- [Excerpted data]:
◆ ◆ ◆

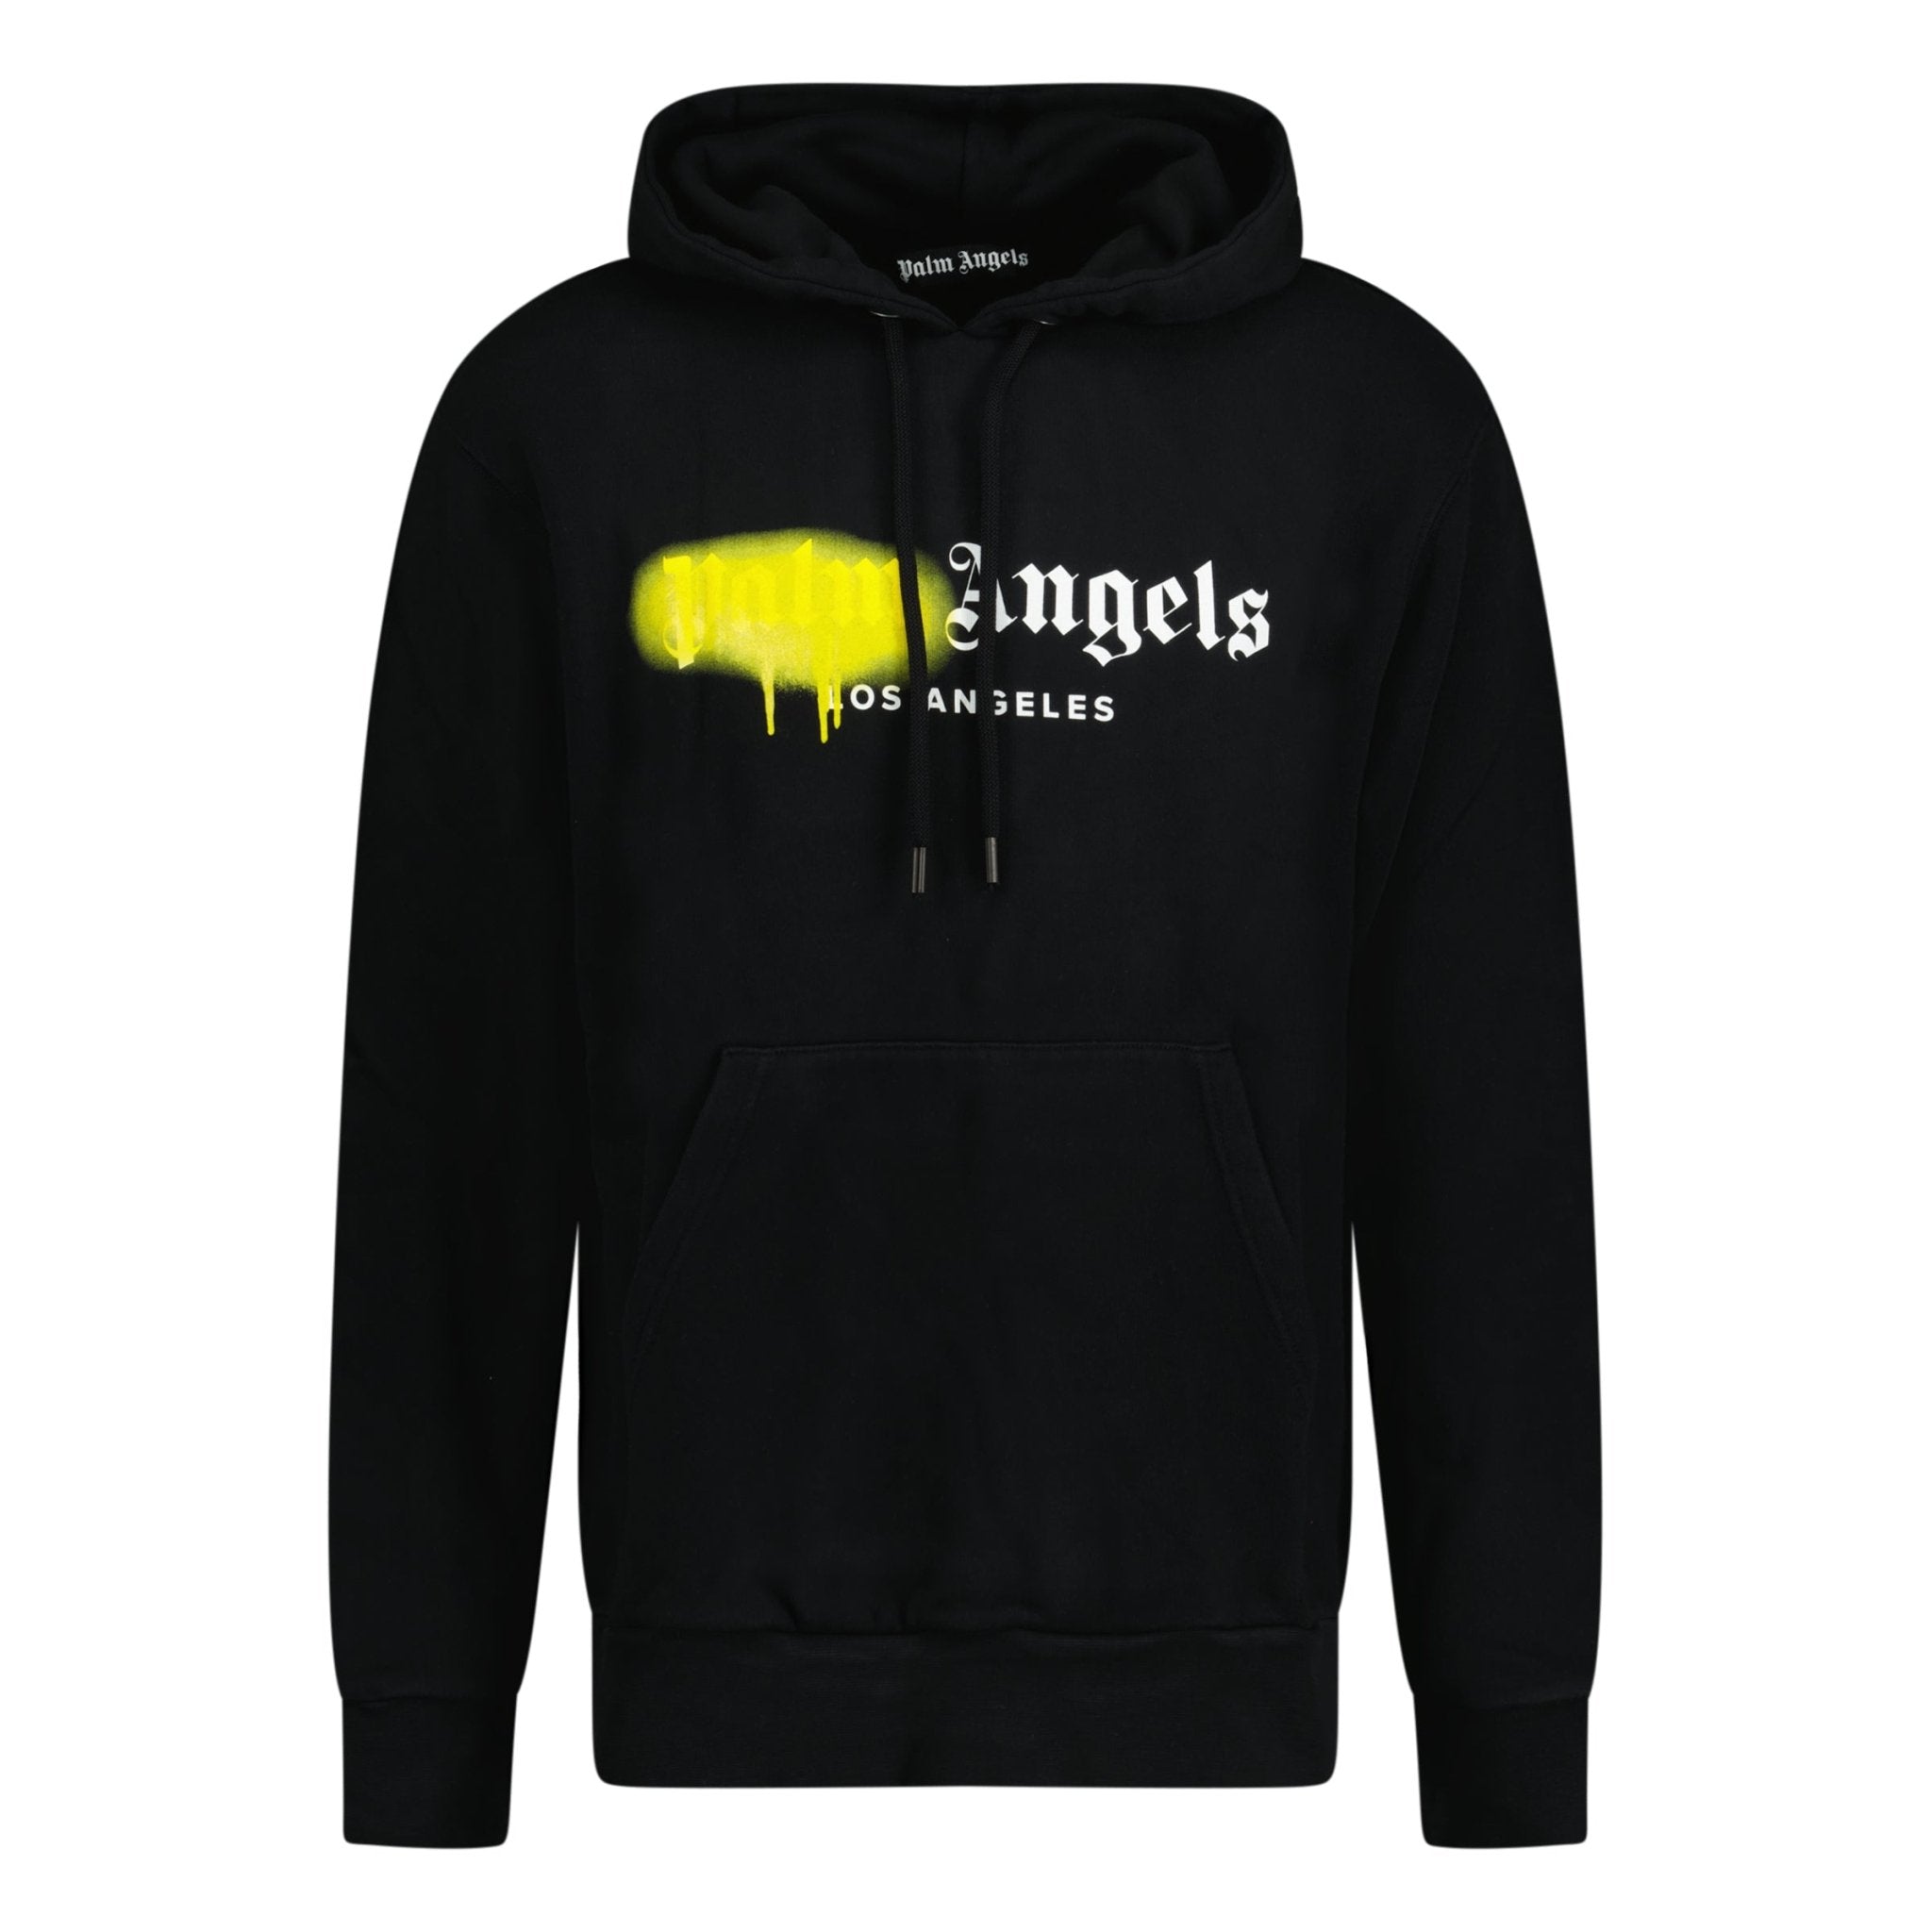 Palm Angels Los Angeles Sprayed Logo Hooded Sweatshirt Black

◆ ◆ ◆

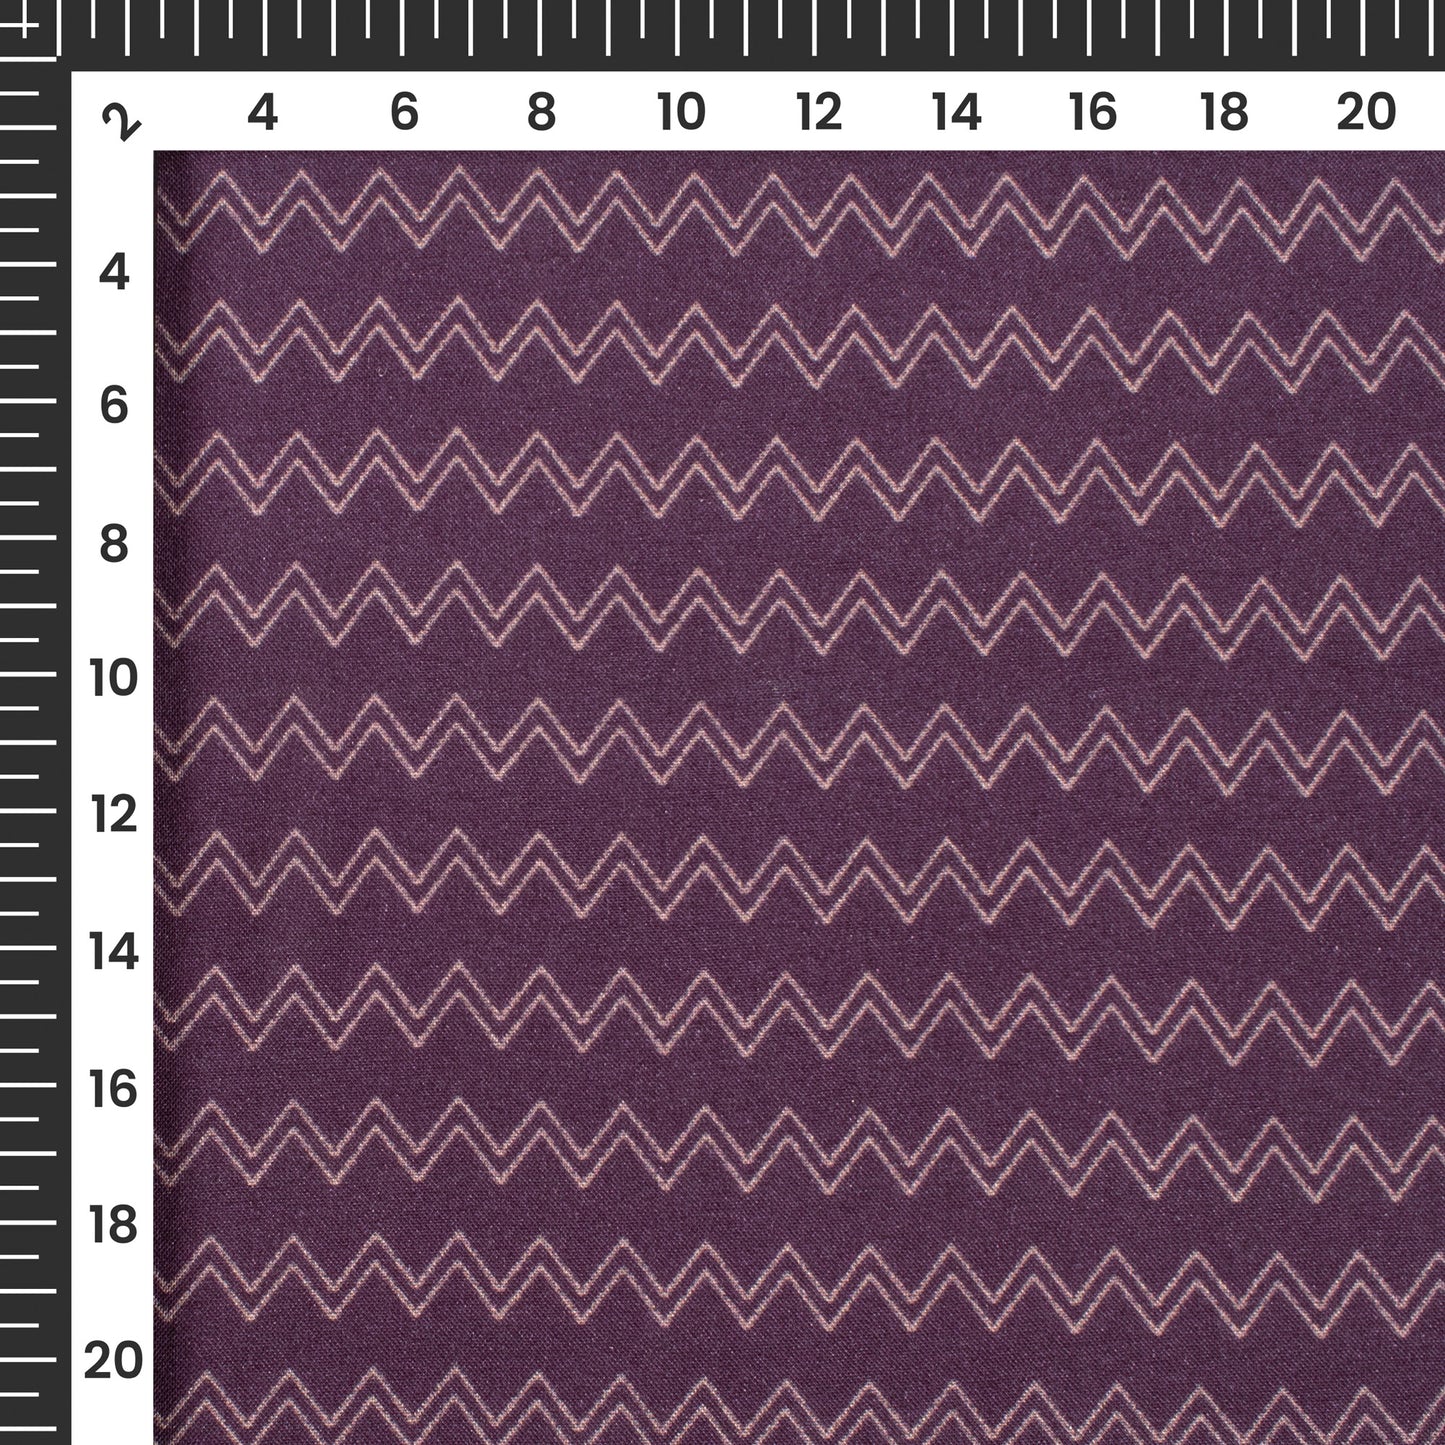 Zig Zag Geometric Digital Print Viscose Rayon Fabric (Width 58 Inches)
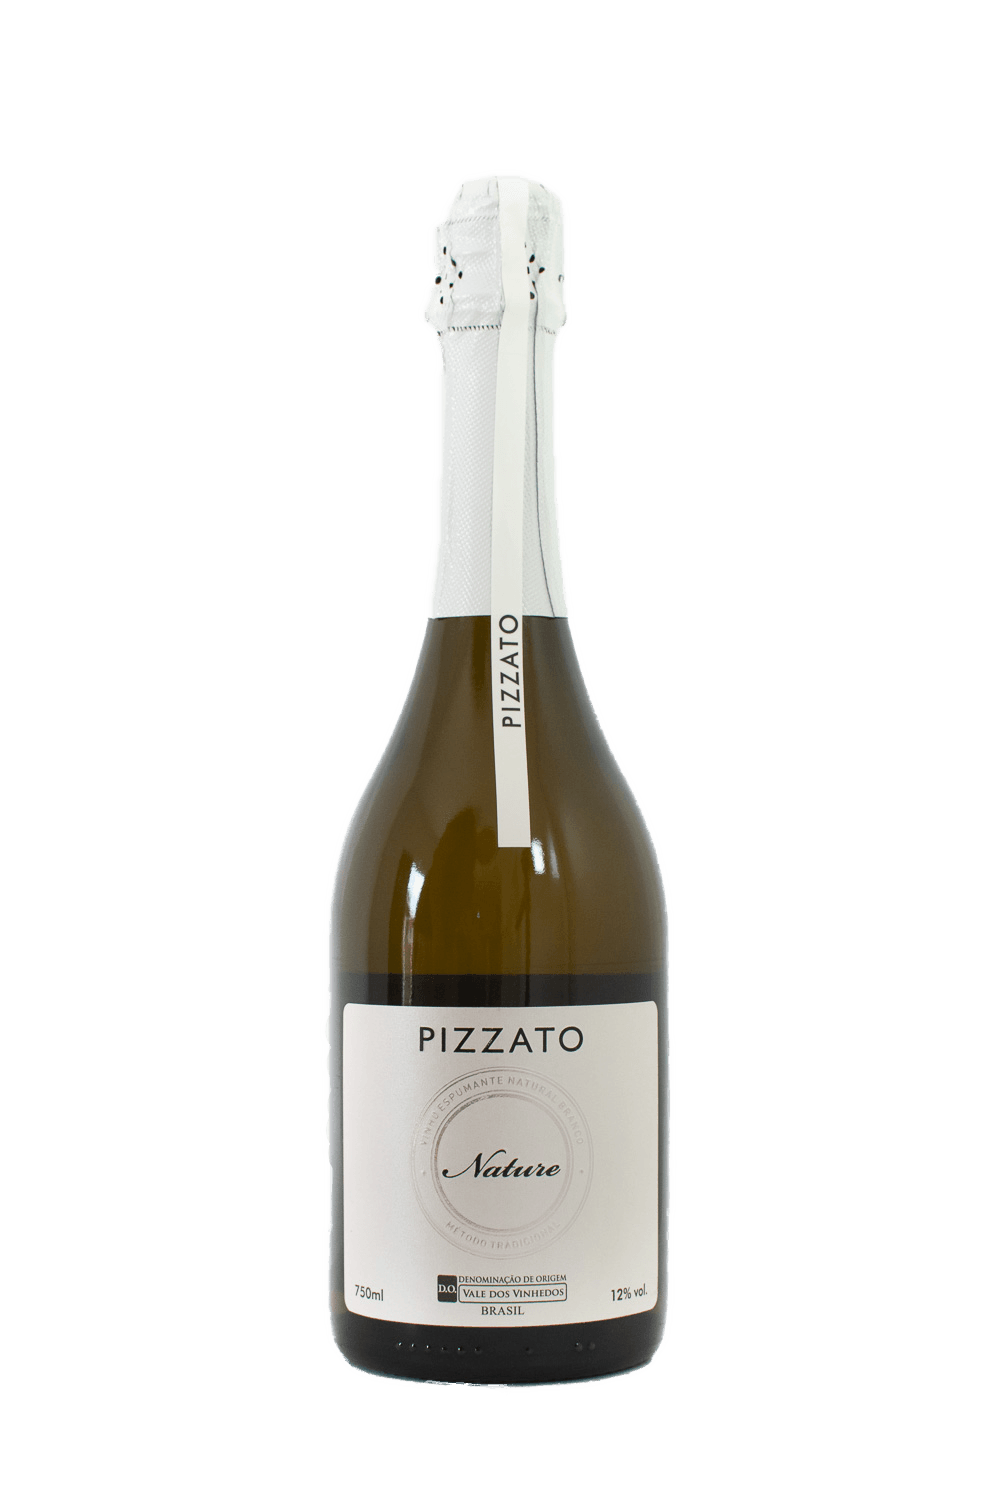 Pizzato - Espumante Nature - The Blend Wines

◆ ◆ ◆

- [Task objective]:
Both boundary lines included, write out word for word only the lines above from the one containing "Zig Zag Geometric" to the one containing "Pizzato - Espumante Nature - The Blend Wines", leaving out any pictures.

- [Task response]:
 Zig Zag Geometric Digital Print Viscose Rayon Fabric (Width 58 Inches)
 Pizzato - Espumante Nature - The Blend Wines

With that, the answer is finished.